He sees the moribund economic infrastructure as the result, in part, of the city’s provincialism.

“It’s quite interesting how insular people are here,” Dr. Blakely said. “They don’t know people on Wall Street, they don’t know the big development firms, they’ve not been associated with the kind of urban planning expertise that I take for granted.”

The tone is clipped and California, different from the easygoing drawl of local officials. Dr. Blakely’s skepticism about New Orleans caused a stir last week when he suggested that the city’s prehurricane population levels might have been inflated. He later backed down and apologized after Mayor Nagin disagreed.

Still, the city has a few aces, and Dr. Blakely is banking on them, most notably a “very good” university network of five substantial institutions, and a way of life that cannot be replicated elsewhere.

Newcomers, pioneers willing to put up with the city’s present difficulties, could be the salvation of New Orleans and its future, Dr. Blakely suggested. New Orleans now is “a third-world country,” he said.

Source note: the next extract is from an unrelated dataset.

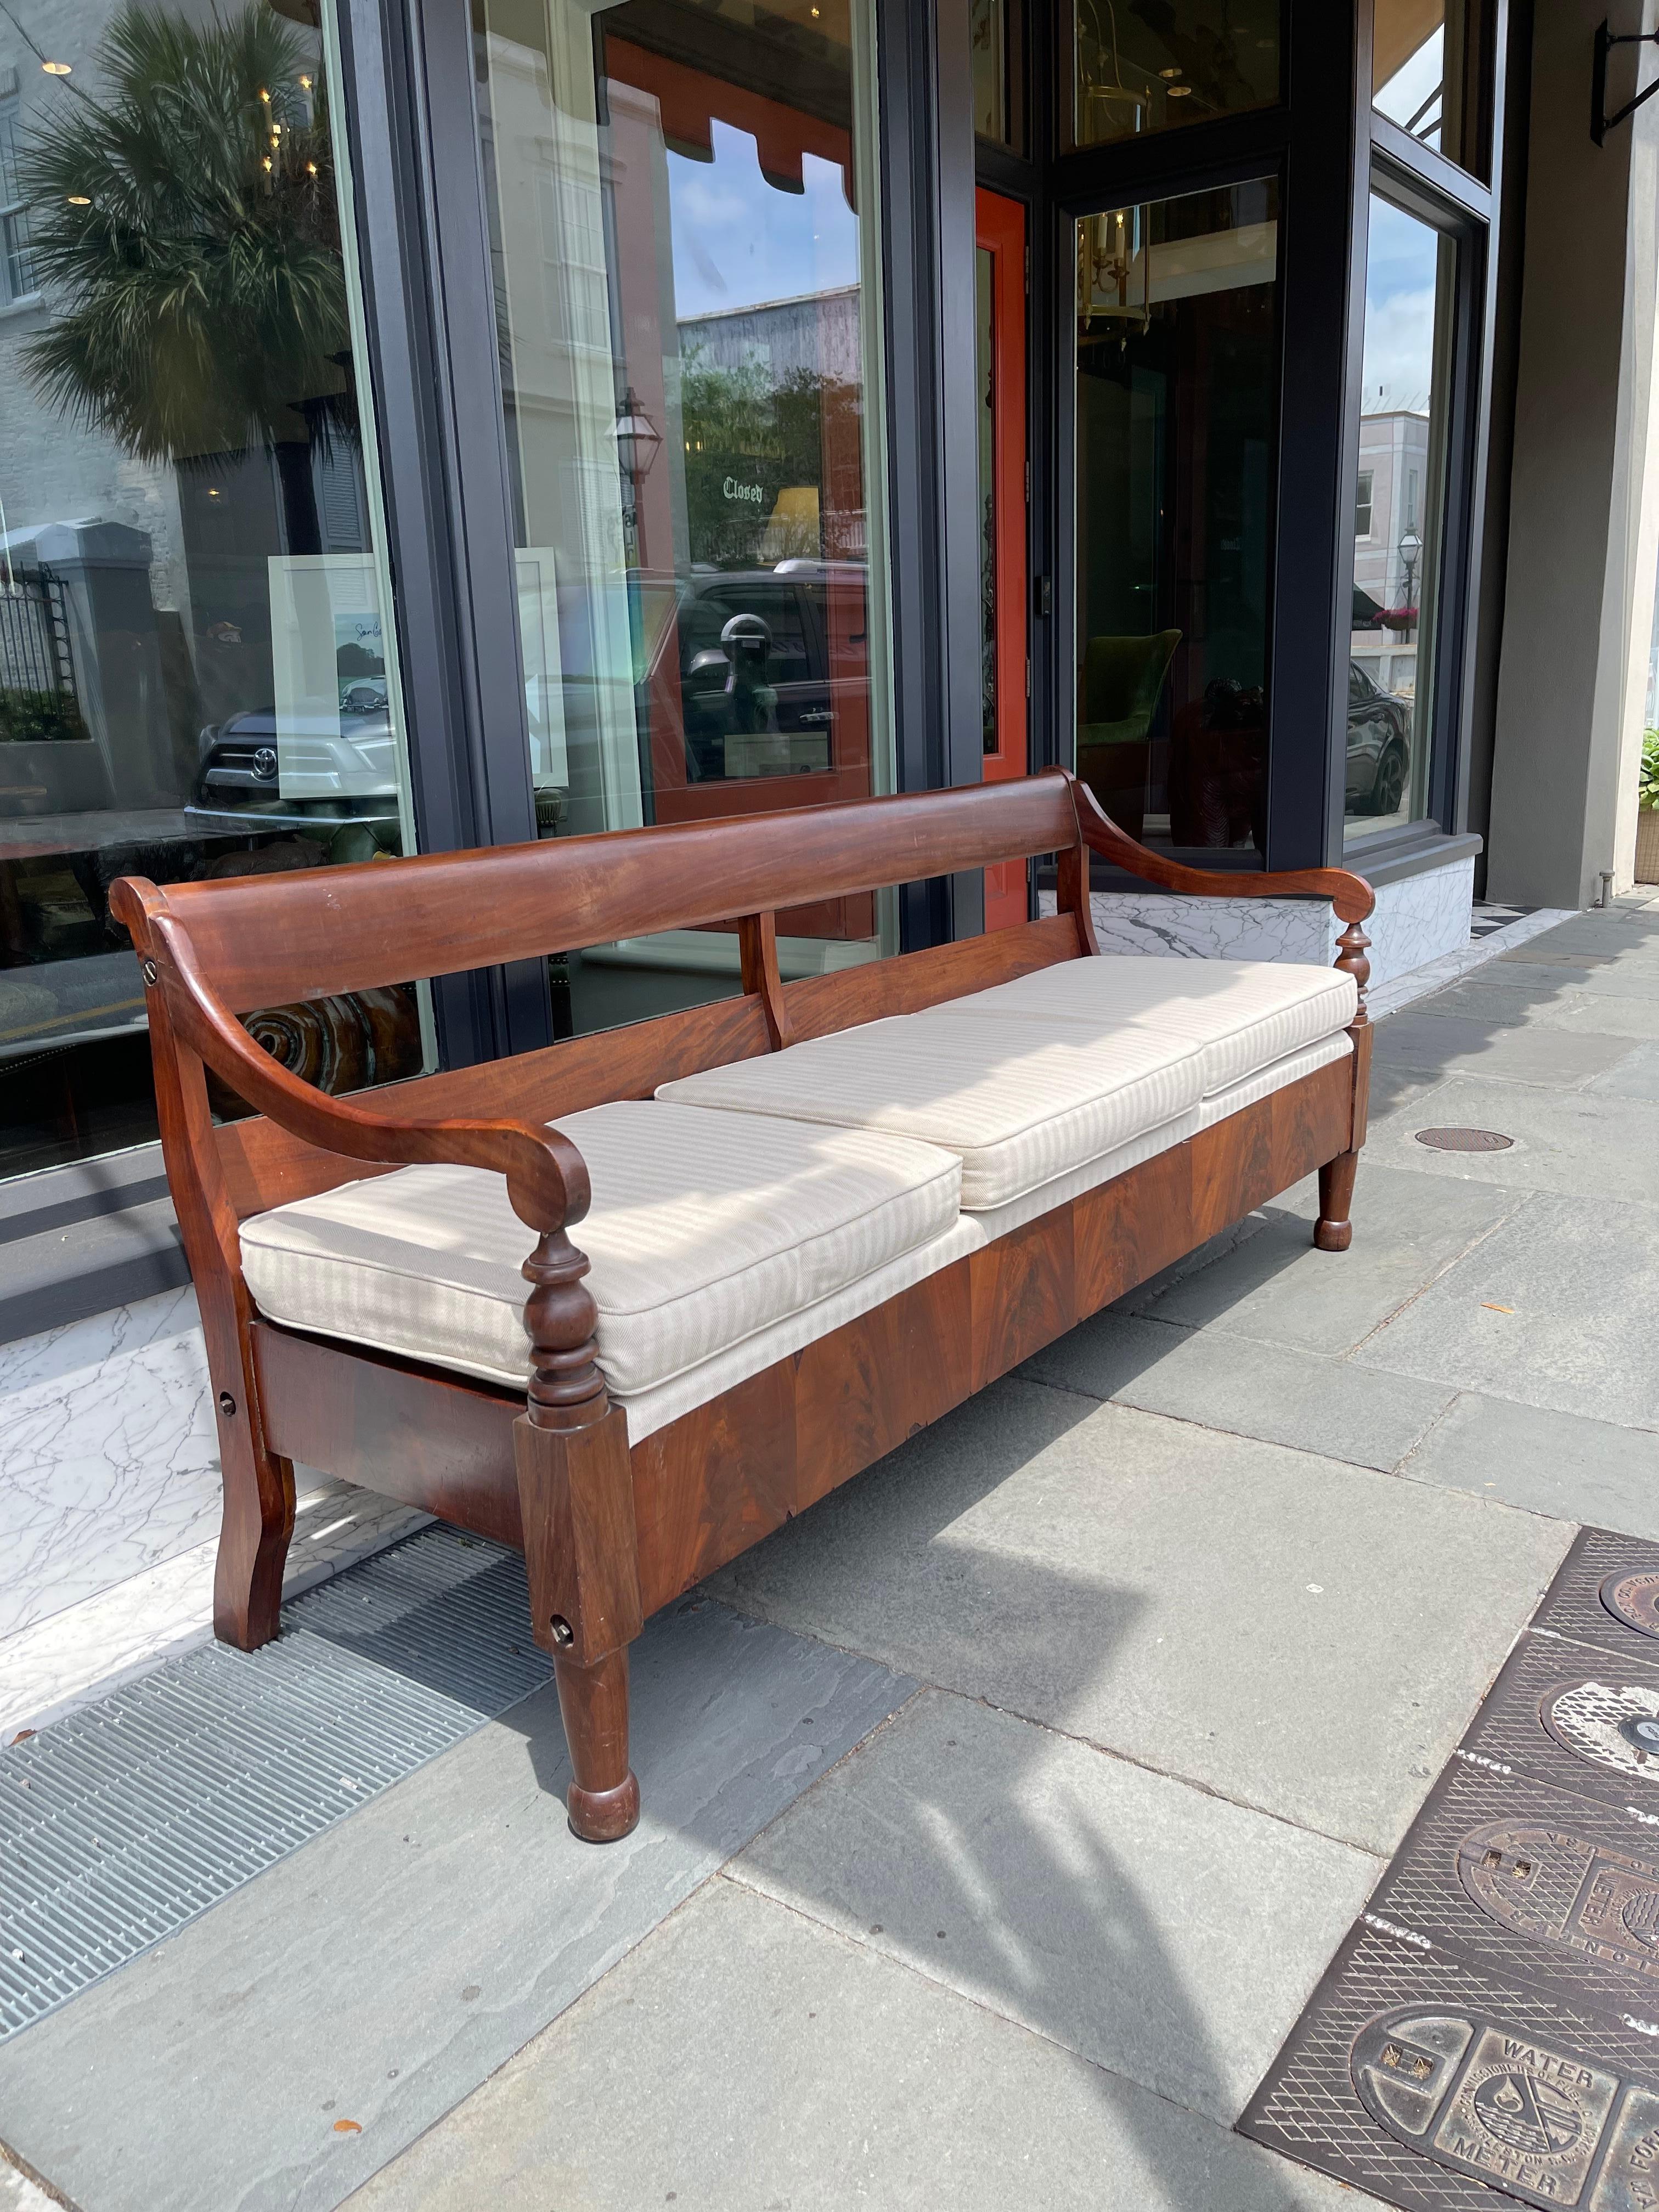 Campaign style sofa or daybed. Easily disassembled to break down for traveling.

“If we get some people here, those 100 million new Americans, they’re going to come here without the same attitudes of the locals,” he said. “I think, if we create the right signals, they’re going to come here, and they’re going to say, ‘Who are these buffoons?’ I’m meeting some who are moving here, and they don’t have time for this stuff.”
AS A LOUISIANA NATIVE, I know what Blakely says is sadly true. As someone who's read the news coverage of that benighted city since Hurricane Katrina, you probably suspect it's true, too.

Pray God that New Orleanians recognize the truth when it slaps them in the face, and summon the courage to overcome their ugly reality.